Il a fallu deux ans pour que la cour d’appel des Gonaïves sorte une ordonnance pour dire que Jocelerme Privert, pris en sa qualité de ministre, n’est pas justiciable par-devant les tribunaux ordinaires, en conséquence le tribunal de première instance de Saint-Marc est incompétent pour instruire contre Jocelerme Privert,

a-t-il poursuivi, rappelant, après avoir été incarcéré pendant 26 mois au pénitencier national, qu’à l’époque non seulement ils n’avaient aucun droit d’instruire contre sa personne, encore moins celui de l’arrêter. Les avocats constitués de Laurent Lamothe ont envoyé plusieurs correspondances à Jean Renel Sénatus et à Cyprien Price, respectivement présidents de la commission Justice et Sécurité publique du Sénat et de la Chambre des députés.”

“Nous représenterons notre client au bureau du commissaire du gouvernement le 26 avril 2016 pour prendre connaissance du motif exact de cette convocation douteuse car cette formalité, de nature intrinsèque, qui doit obligatoirement y figurer, est inexistante, d’autant plus que ladite convocation n’a pas été signée par le commissaire du gouvernement comme il est de coutume dans l’univers juridique et judiciaire d’Haïti, surtout lorsqu’il s’agit d’un ancien haut fonctionnaire de l’Etat,

ont-ils écrit. Des professeurs de différentes facultés de l’Université d’Etat d’Haïti et des universités privées du pays et membres de la société civile ont émis, le 23 avril dernier, une note de protestation et de solidarité avec le professeur Wilson Laleau dans laquelle ils expriment leur plus vive préoccupation face à la campagne de lynchage judiciaire et médiatique orchestrée par le commissaire du gouvernement de Port-au-Prince, Me Danton Léger, à l’encontre de certaines personnalités du pays, particulièrement l’ancien ministre Laleau.

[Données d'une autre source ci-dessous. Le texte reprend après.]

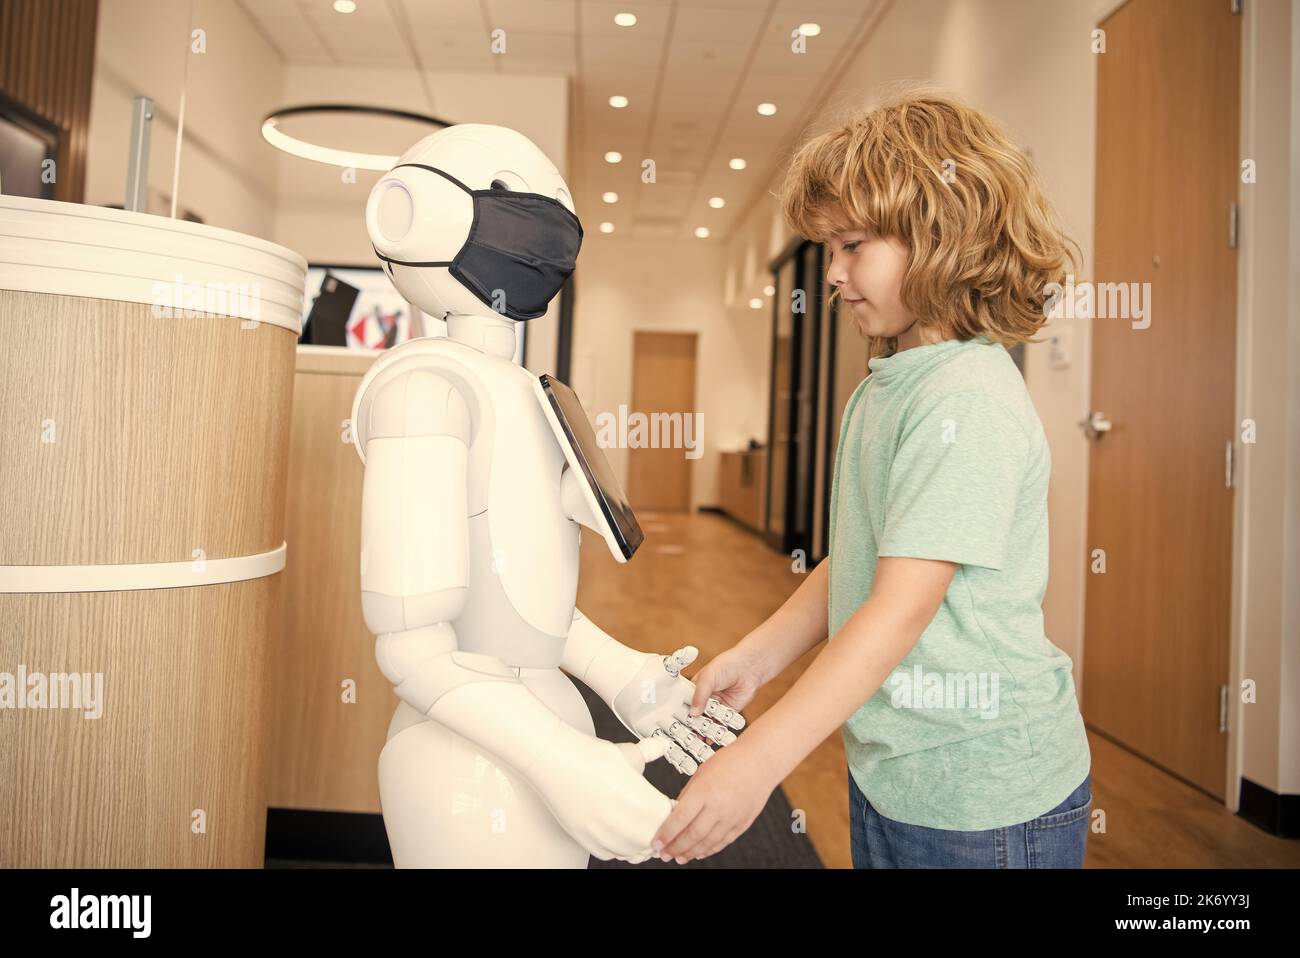 un petit garçon interagit avec le robot comme technologie innovante, communication Banque D'Images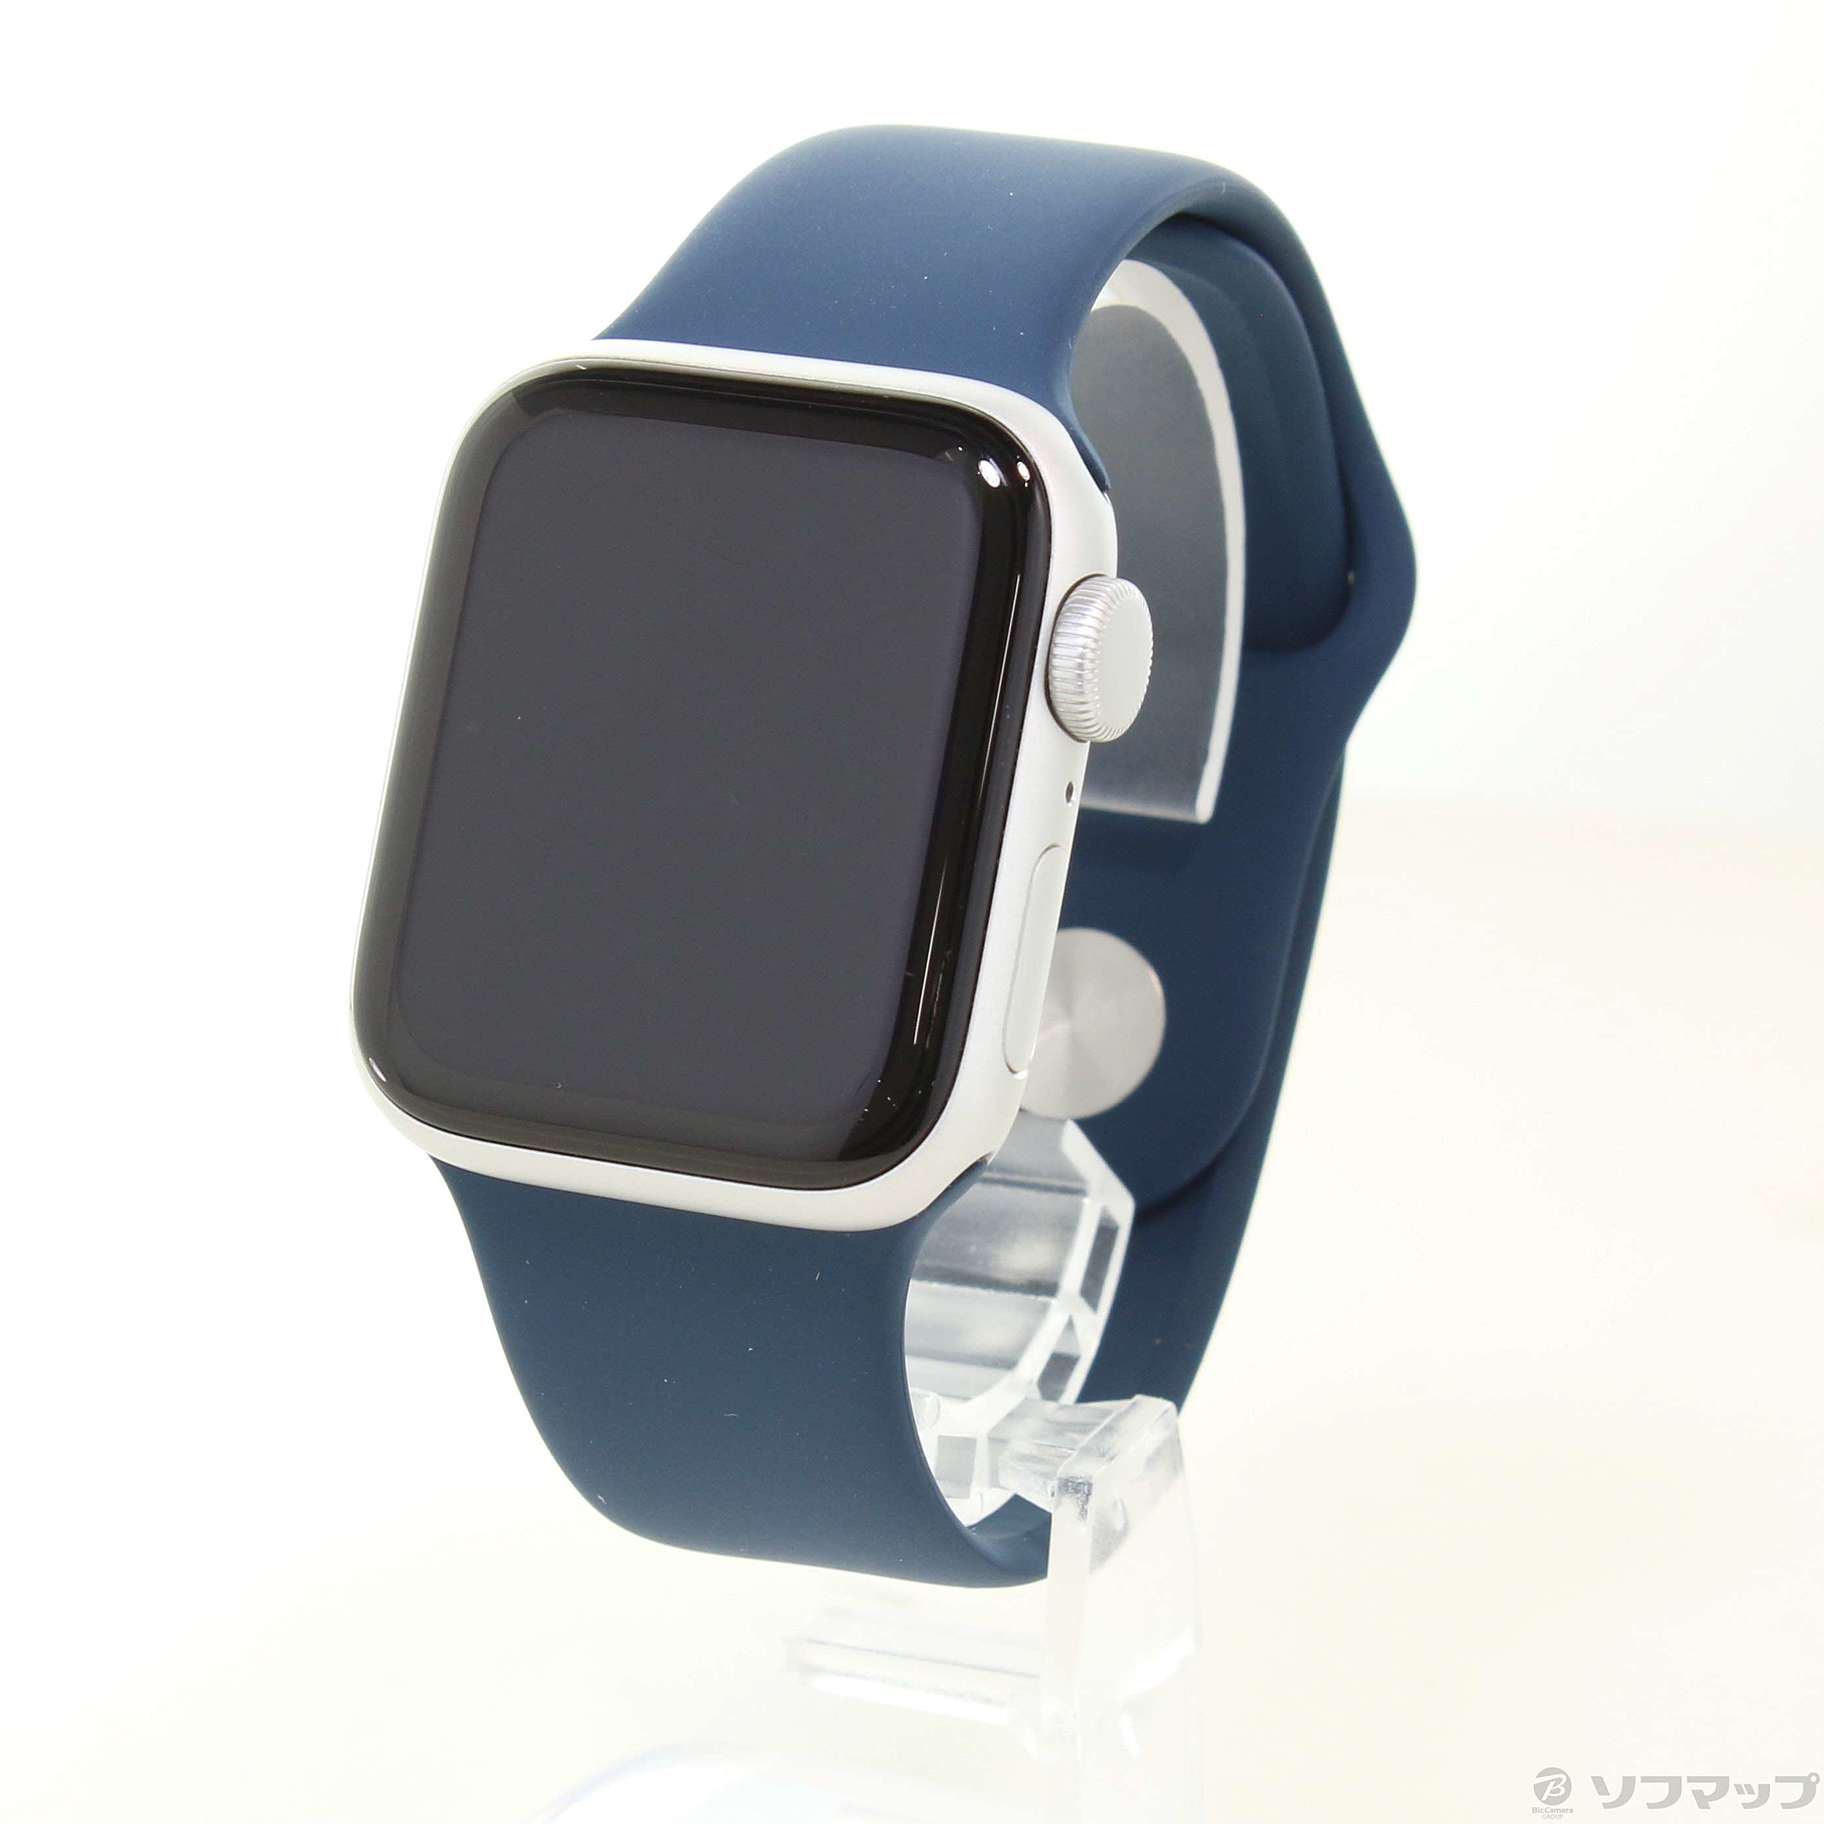 Apple Watch SE (GPSモデル) - 40mm-

Nous, les soussignés, dénonçons le caractère arbitraire et illégal de cette mesure qui porte atteinte à l’honneur et à la réputation du professeur Laleau et, par ricochet, des membres de sa famille, ses collègues et ses collaborateurs », fustige cette note qui porte la signature, entre autres, des professeurs Ricot Pierre Louis, Renan Hédouville et Wesner Désir. Par ailleurs, en septembre 2011, Me Sonel Jean-François, le commissaire du gouvernement de Port-au-Prince, a été mis à pied pour avoir convoqué le ministre de l’Intérieur et des Collectivités territoriales, Paul Antoine Bien-Aimé. « En décidant de mettre en examen le ministre de l’Intérieur et des Collectivités territoriales, M. Paul Antoine Bien-Aimé, pour des actes posés dans l’exercice de ses fonctions, vous avez délibérément commis une violation grave des dispositions de l’article 186, alinéa 2, de la Constitution, une telle compétence revenant à la Chambre des députes », avait alors écrit le Premier ministre sortant, Jean-Max Bellerive, accusant le commissaire de

violation grave » de la Constitution.